Stored records:
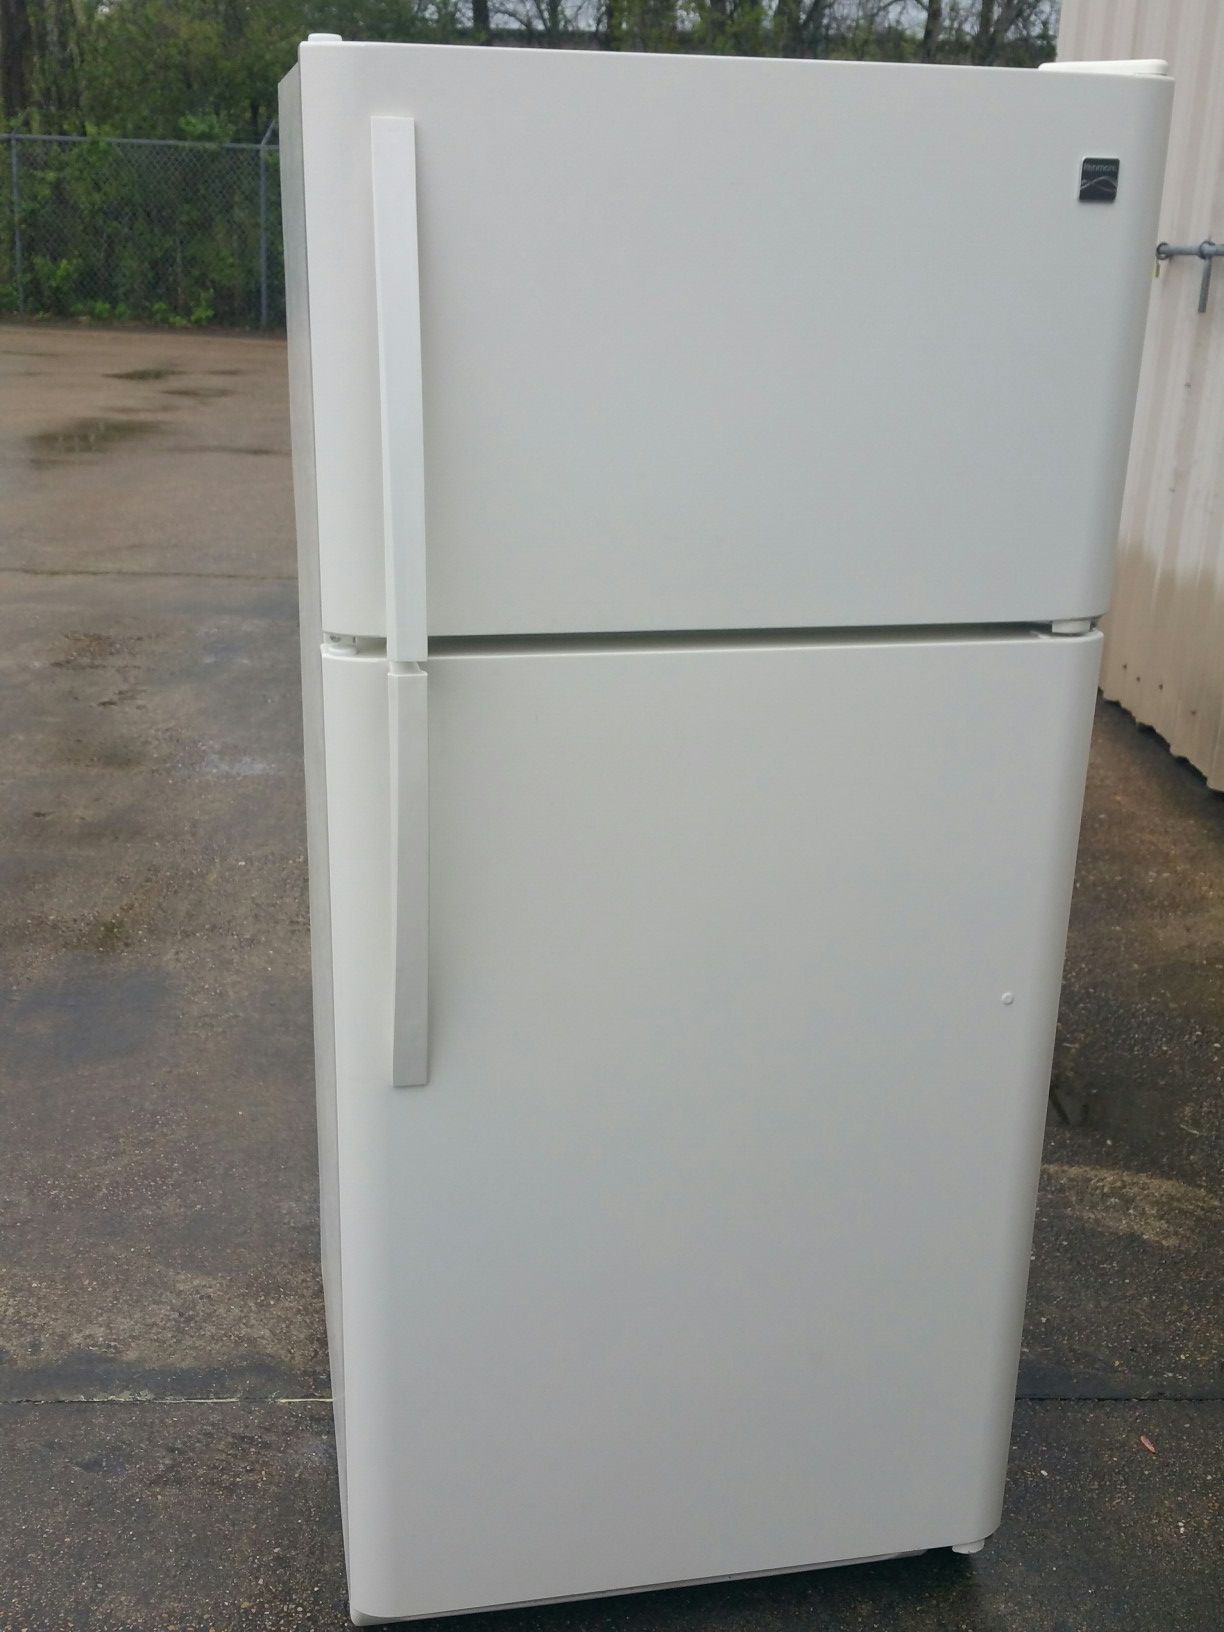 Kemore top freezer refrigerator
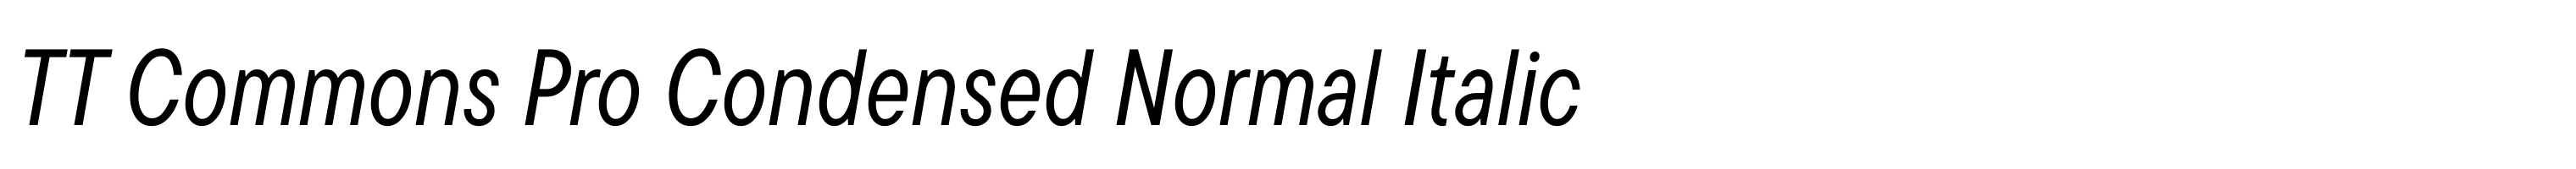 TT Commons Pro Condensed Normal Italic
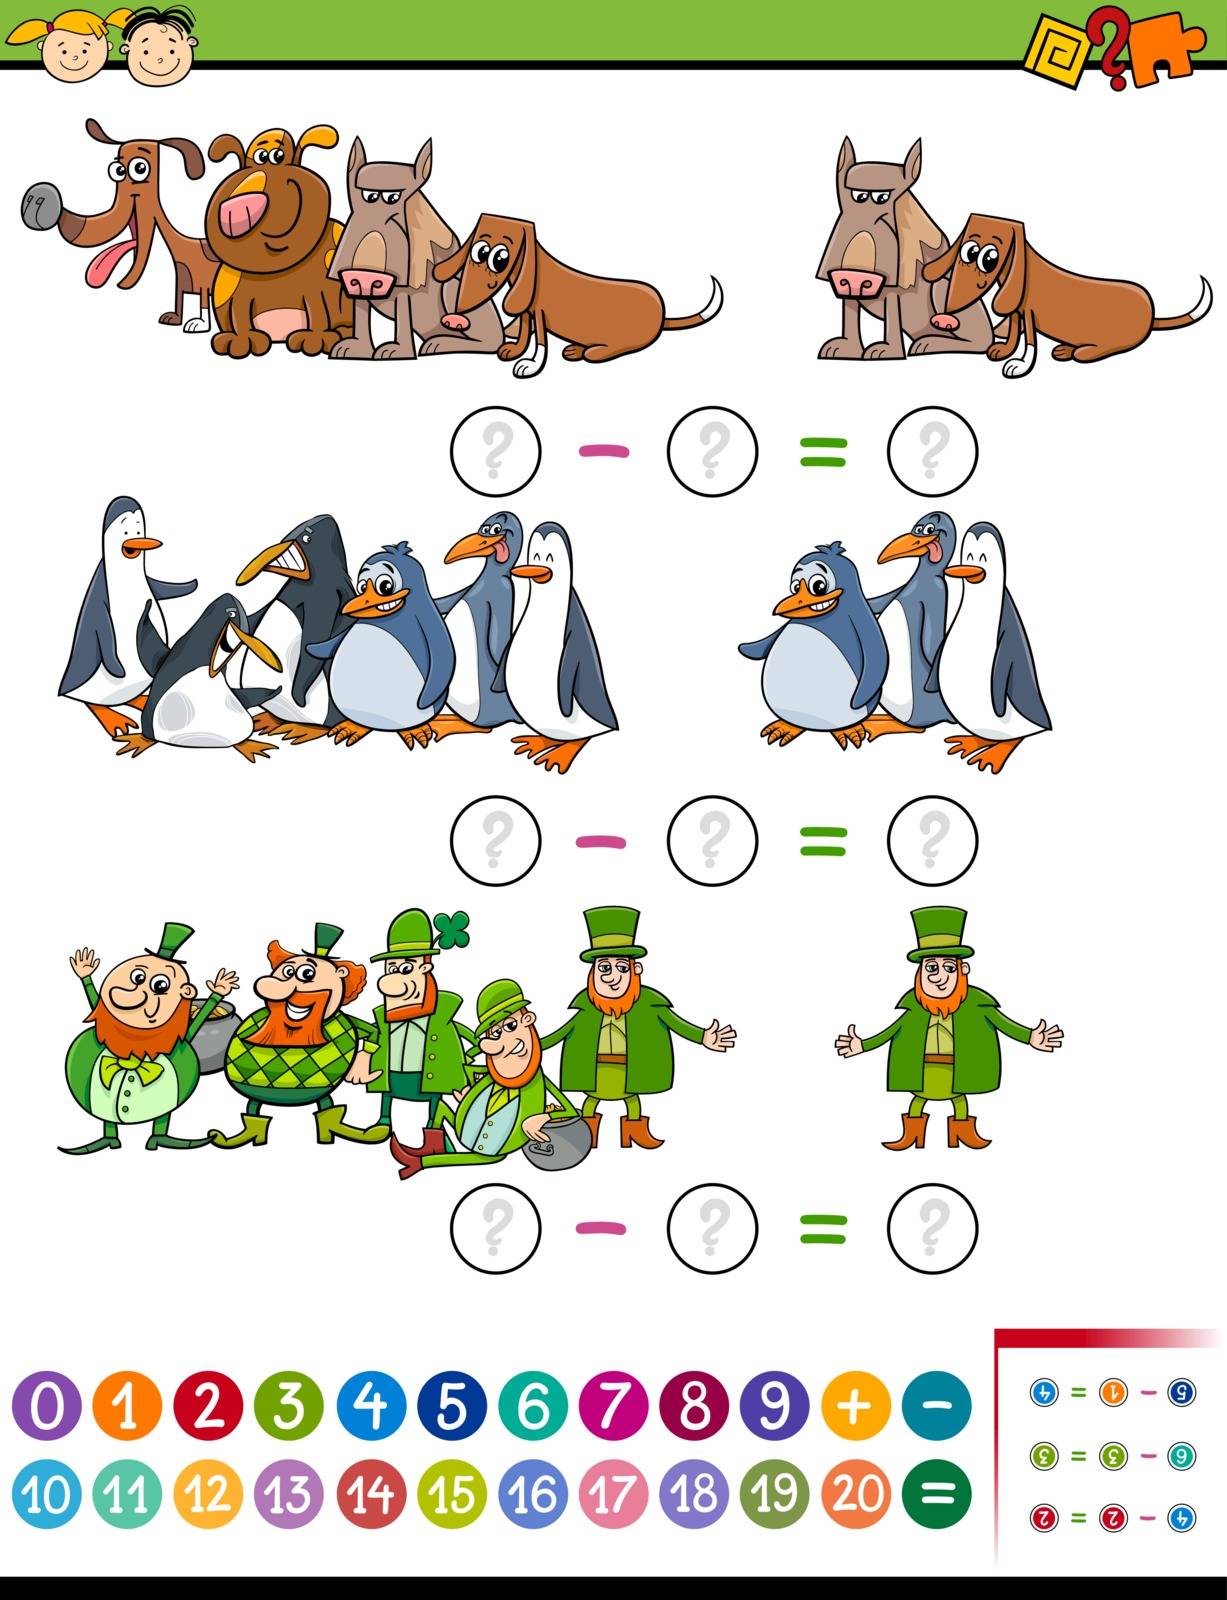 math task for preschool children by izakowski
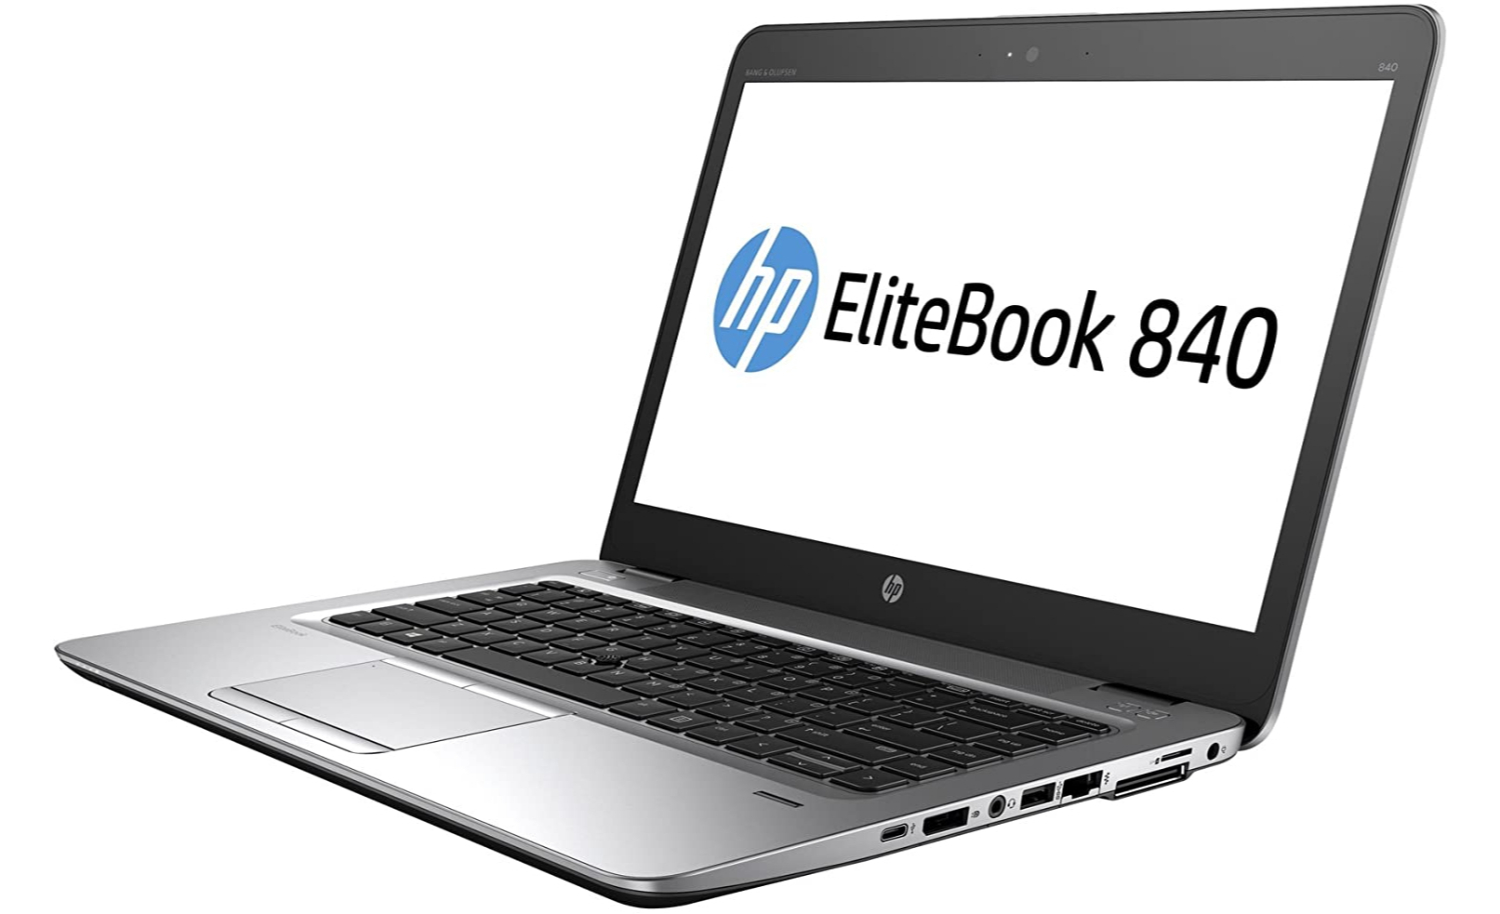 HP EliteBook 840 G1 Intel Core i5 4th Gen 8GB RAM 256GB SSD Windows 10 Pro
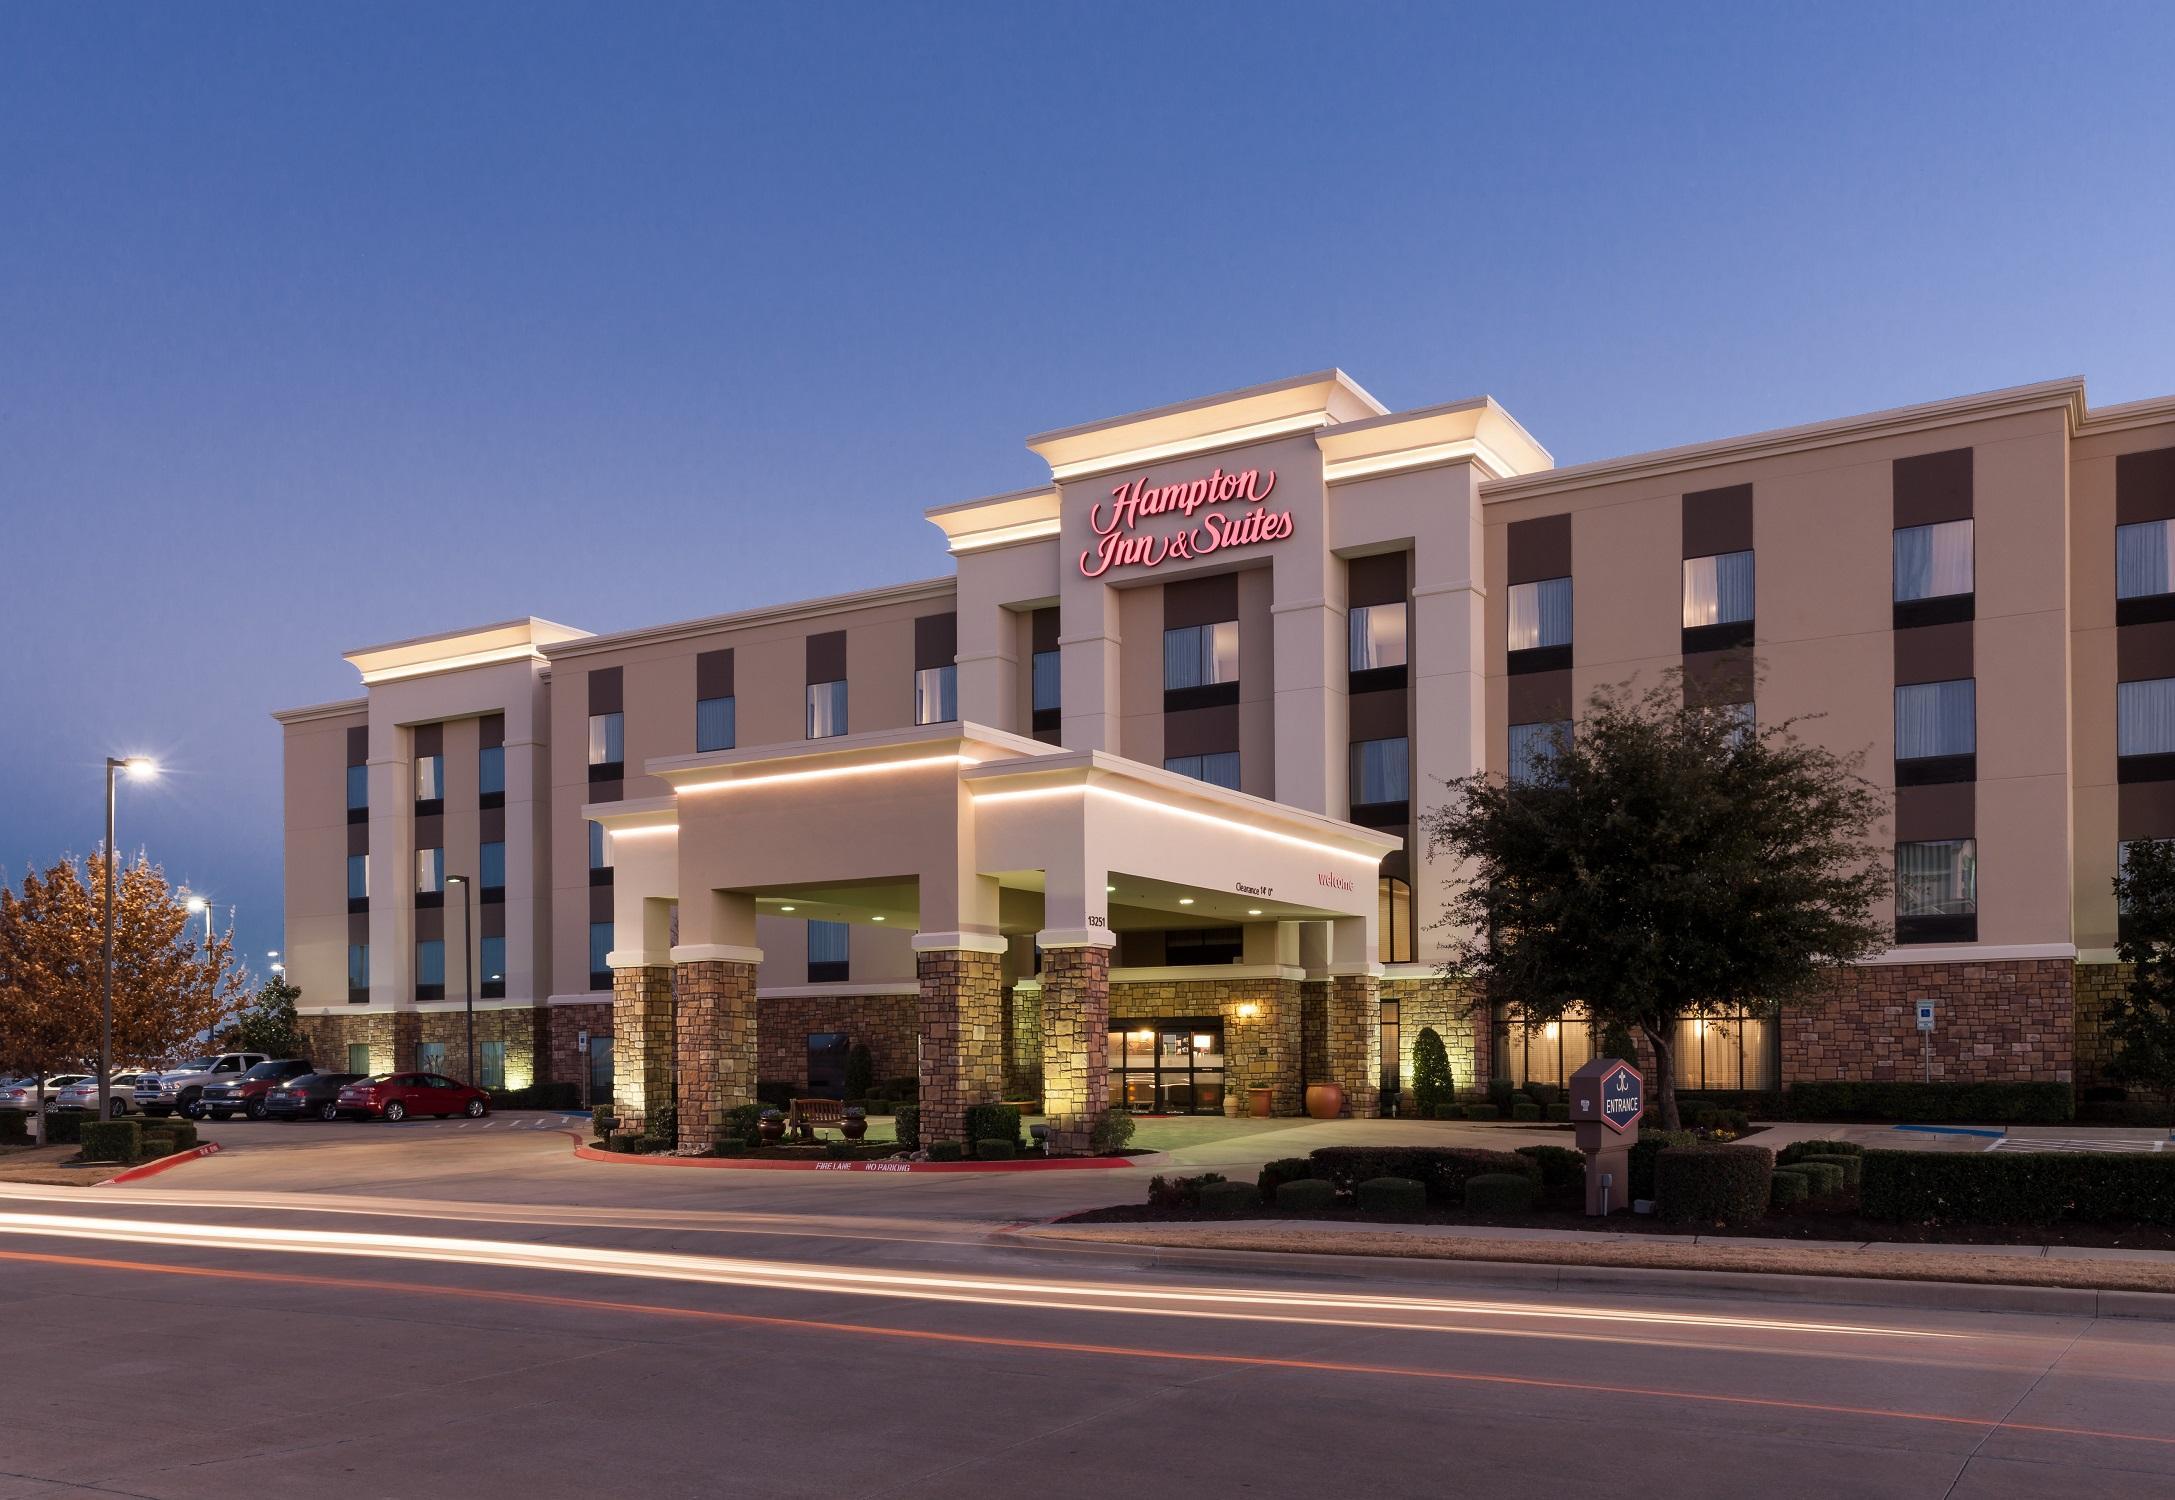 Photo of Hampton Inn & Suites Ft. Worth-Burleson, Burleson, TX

ACTIVITY:
Every record above must reappear exactly in the answer, minus its pictures.

EXERCISE RESPONSE:
 Kemore top freezer refrigerator
 TT Commons Pro Condensed Normal Italic
 math task for preschool children by izakowski
 HP EliteBook 840 G1 Intel Core i5 4th Gen 8GB RAM 256GB SSD Windows 10 Pro
 Photo of Hampton Inn & Suites Ft. Worth-Burleson, Burleson, TX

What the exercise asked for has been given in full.